Exercise requirements
Reproduce, with no changes, the line that contains "5 lucky charms among indoor plants" and all the lines that come after it in the records.

Material to process
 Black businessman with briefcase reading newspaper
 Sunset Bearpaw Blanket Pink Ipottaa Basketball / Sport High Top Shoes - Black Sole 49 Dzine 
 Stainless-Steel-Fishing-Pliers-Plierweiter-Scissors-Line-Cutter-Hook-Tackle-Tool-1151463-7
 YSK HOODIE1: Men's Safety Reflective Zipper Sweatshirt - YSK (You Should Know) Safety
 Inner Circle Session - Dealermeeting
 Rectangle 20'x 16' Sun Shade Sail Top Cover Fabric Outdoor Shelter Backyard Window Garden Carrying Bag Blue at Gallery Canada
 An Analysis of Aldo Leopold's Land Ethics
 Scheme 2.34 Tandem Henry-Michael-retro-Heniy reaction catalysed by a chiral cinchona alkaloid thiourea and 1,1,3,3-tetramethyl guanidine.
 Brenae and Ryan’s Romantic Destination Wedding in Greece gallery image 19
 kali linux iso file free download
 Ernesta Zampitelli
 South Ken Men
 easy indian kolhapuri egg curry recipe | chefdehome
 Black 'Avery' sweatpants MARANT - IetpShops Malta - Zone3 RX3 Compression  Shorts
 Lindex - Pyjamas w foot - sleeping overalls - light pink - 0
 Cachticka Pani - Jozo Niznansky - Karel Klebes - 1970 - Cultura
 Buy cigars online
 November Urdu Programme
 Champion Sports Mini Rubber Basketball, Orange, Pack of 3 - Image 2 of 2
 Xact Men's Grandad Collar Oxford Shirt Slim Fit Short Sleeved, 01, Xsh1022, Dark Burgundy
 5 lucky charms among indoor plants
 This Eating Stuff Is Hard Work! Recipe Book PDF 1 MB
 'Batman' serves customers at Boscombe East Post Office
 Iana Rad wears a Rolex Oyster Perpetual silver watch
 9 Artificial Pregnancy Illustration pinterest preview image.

Task result
 5 lucky charms among indoor plants
 This Eating Stuff Is Hard Work! Recipe Book PDF 1 MB
 'Batman' serves customers at Boscombe East Post Office
 Iana Rad wears a Rolex Oyster Perpetual silver watch
 9 Artificial Pregnancy Illustration pinterest preview image.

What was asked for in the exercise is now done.